1

I've been writing a "sort and aggregate" approach to making this ~100MB data set efficiently searchable but the code's getting a bit long.

The objects are simple classes like

class item {
    public int type = 1;
    public int damage = 4;
}

And what I've done is essentially make a class where I can say items.type(1).damage(4).getItem();

Does Java have any classes for turning objects into something searchable in a similar way?

I've been looking at Java Collections and Entities, where what I've written is a giant ArrayList<Item> and several HashMap<Item>

Aage Torleif
  • 1,907
  • 1
  • 20
  • 37
  • 8
    The immediate question that comes to mind: for a 100 million record data set, why don't you want to use a real, proven database? Feels like you're reinventing the wheel. There's plenty of free, open source, fairly easy to use systems.
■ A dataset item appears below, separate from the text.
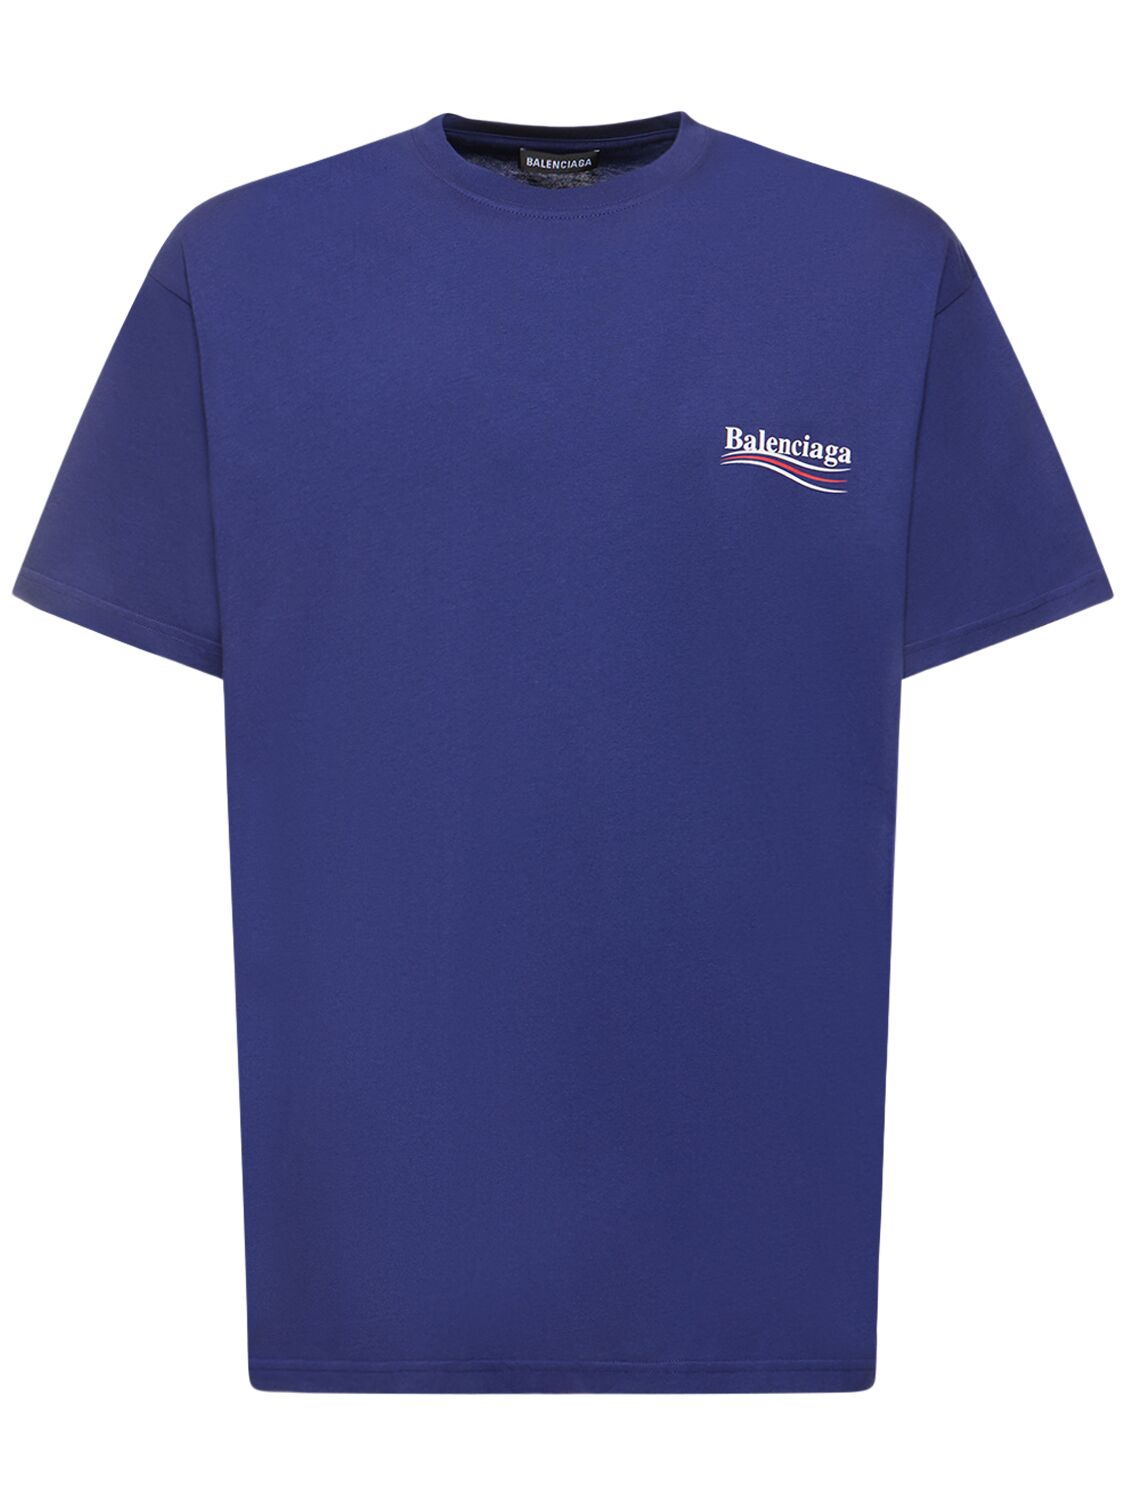 Balenciaga Political Logo Cotton T-shirt In Pacific Blue
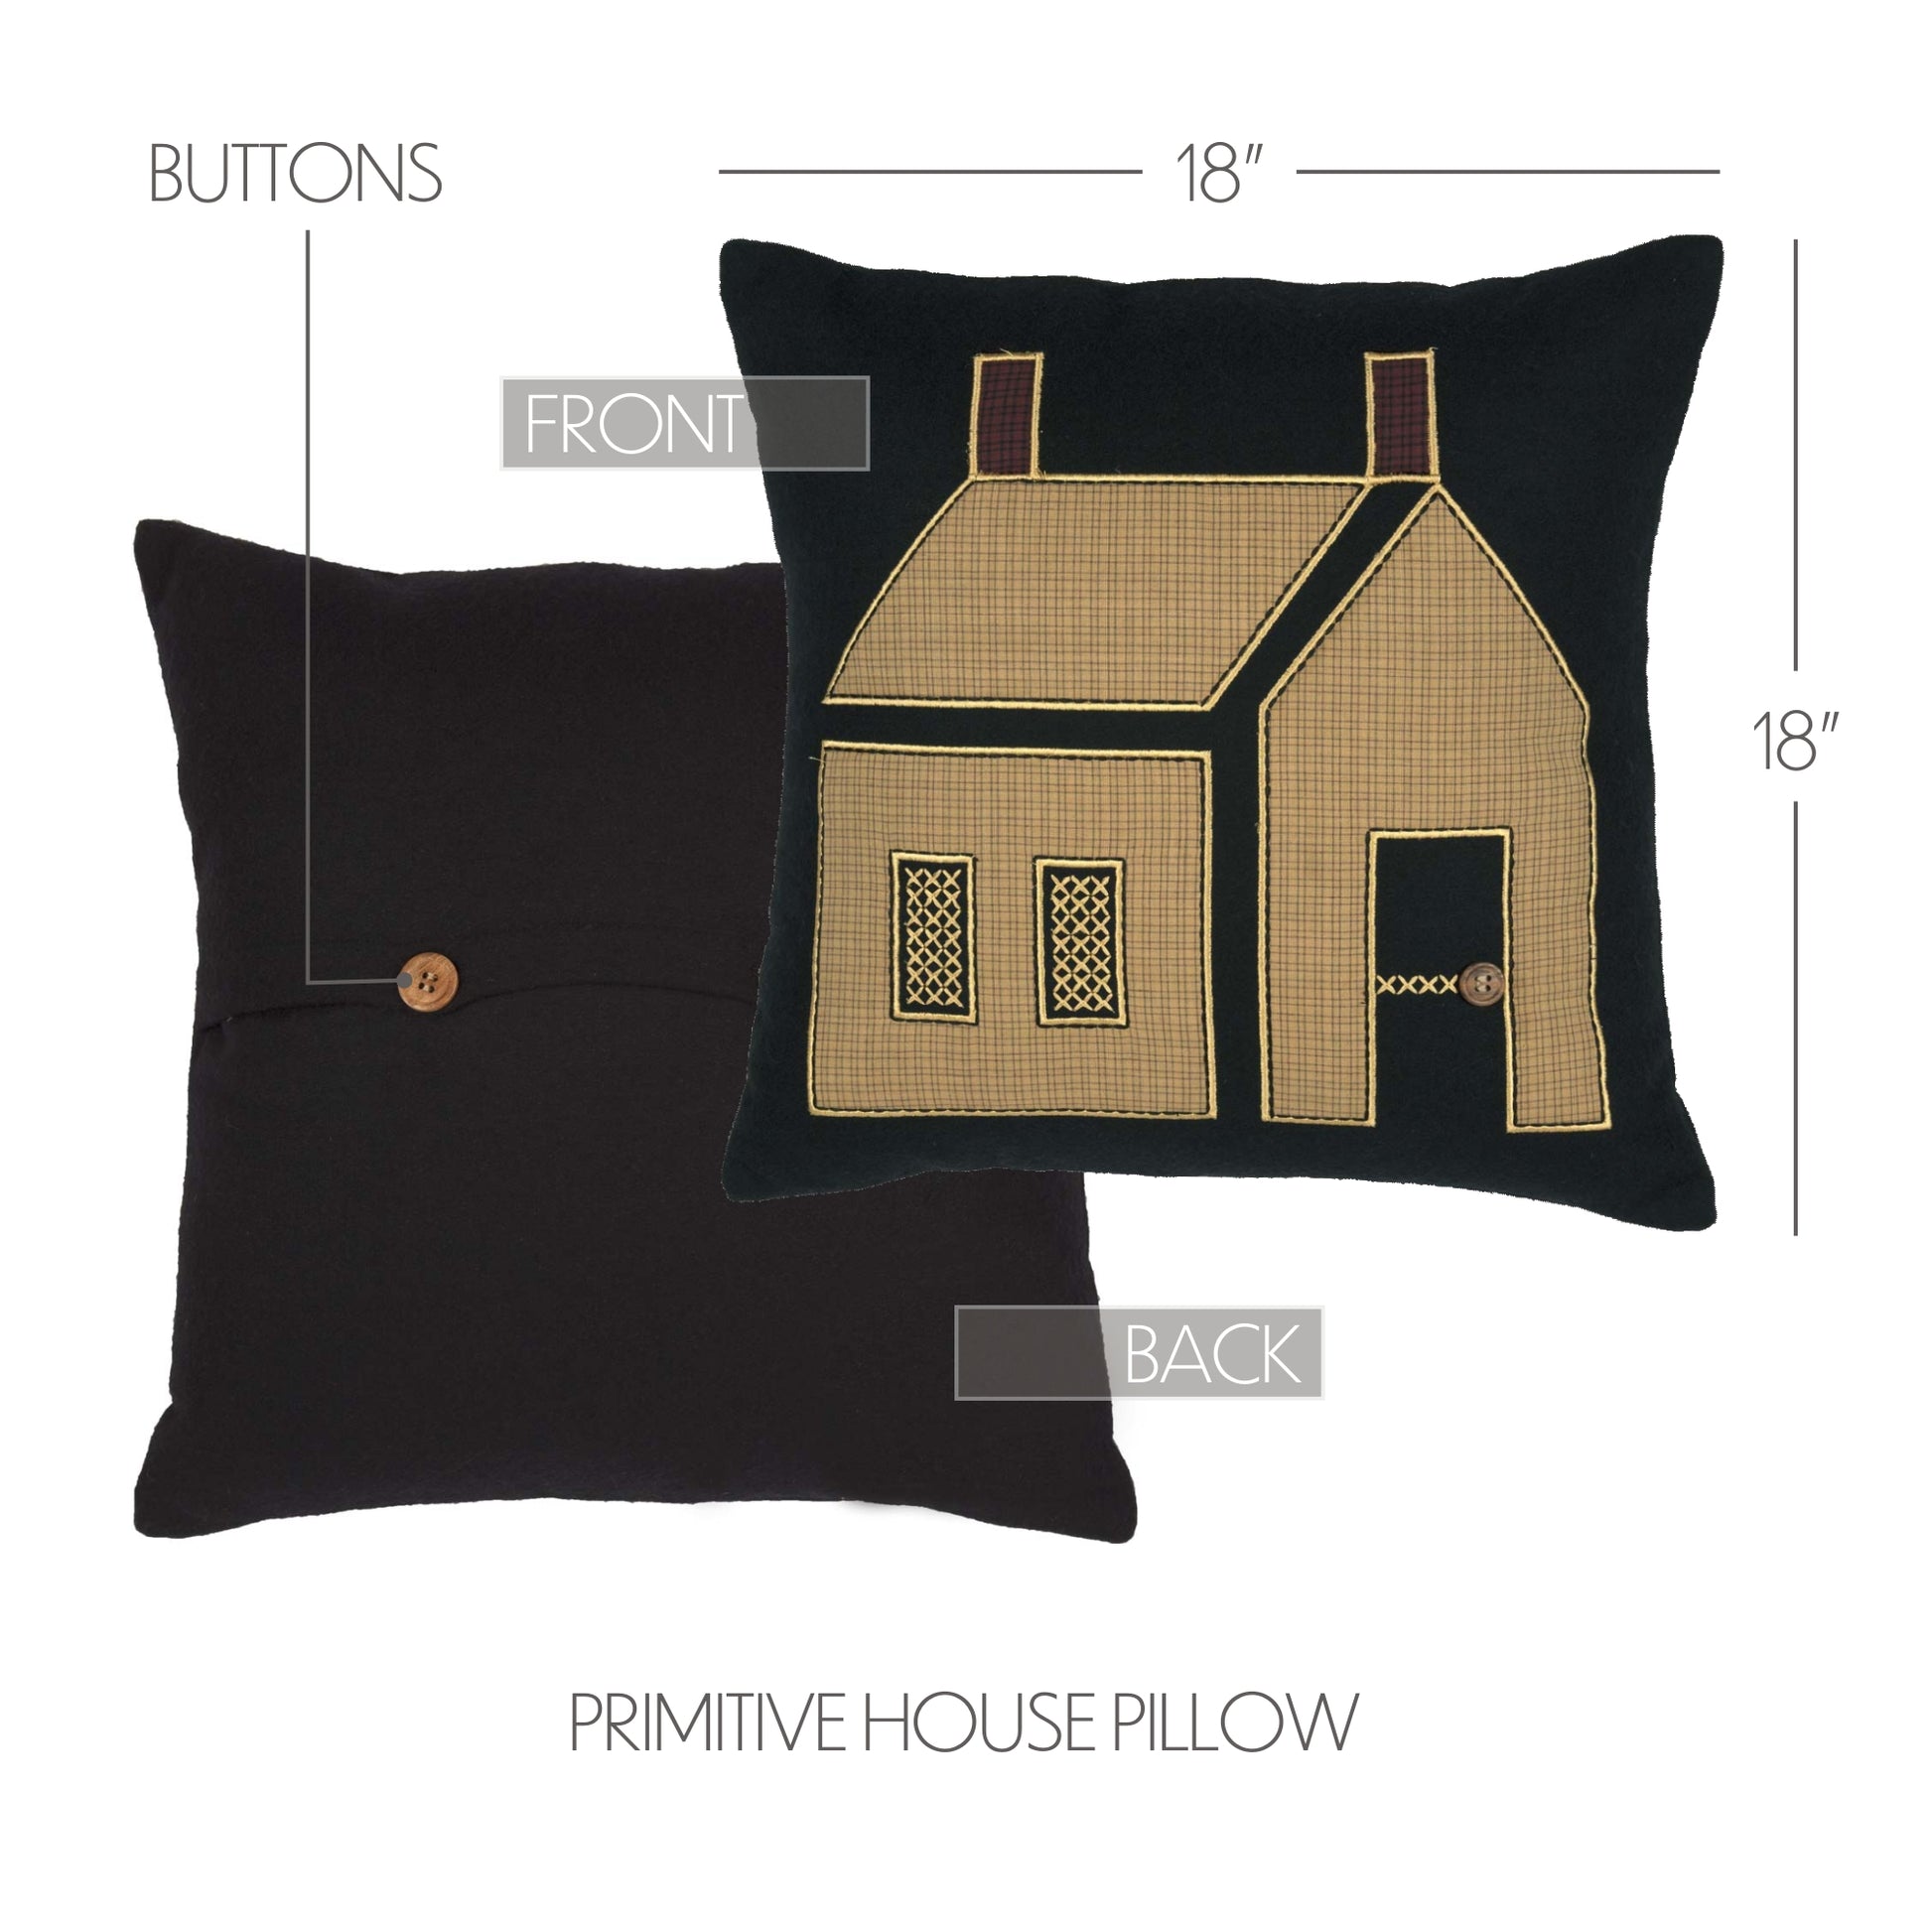 Primitive House Pillow 18x18

PostgreSQL happens to be my favorite at the moment, but you don't even have to use a relational DB nowadays. – jpmc26 Feb 10 '15 at 23:27
  • [Best data structure for dictionary implementation](http://stackoverflow.com/questions/10017808/best-data-structure-for-dictionary-implementation) – Ascalonian Feb 10 '15 at 23:28
  • 1
    Wild guess, is this Minecraft-related? – user253751 Feb 10 '15 at 23:29
  • @immibis Hah :P No I'm just experimenting game-design just using basic java and Graphics2D. – Aage Torleif Feb 10 '15 at 23:35
  • That should say MB, and because there's sprite data in the items, I guess in without the sprites is much less, but I can't really account for how much. – Aage Torleif Feb 10 '15 at 23:36
  • If you're really in need of something embedded that doesn't require a separate service running, there's also options like HSQL or SQLite. You'll definitely need to do some benchmarking to make sure they can handle that kind of load, though, and I would be very surprised if you didn't have to do some very heavy tuning to get it working reasonably. Even so, I'd certainly rather use a fairly well tested system like those than roll my own. – jpmc26 Feb 10 '15 at 23:37
  • Oh, 100 MB. Still, how many rows are you talking? – jpmc26 Feb 10 '15 at 23:38
  • Its only several hundred, less then a thousand rows easy. – Aage Torleif Feb 10 '15 at 23:39
  • 1
    That's probably more relevant than the data size; it's really not that many. Question: how is the performance using a simple linear search? This is something you should check before trying to optimize. If that's no good, what about optimizing the search for one parameter? That could potentially be done with some kind of bucket structure, which could go in a hash map (mapping parameter to bucket list). You'd just do a linear search on the bucket itself. – jpmc26 Feb 10 '15 at 23:42

1 Answers1

2

Java 8 might be fitting:

Item item = items.stream()
    .filter((it) -> it.type == 1)
    .filter((it) -> it.damage == 4)
    .findFirst().orElse(null);

P.S. In your case .parallel() might help with a speed gain (divide and conquer).

Joop Eggen
  • 107,315
  • 7
  • 83
  • 138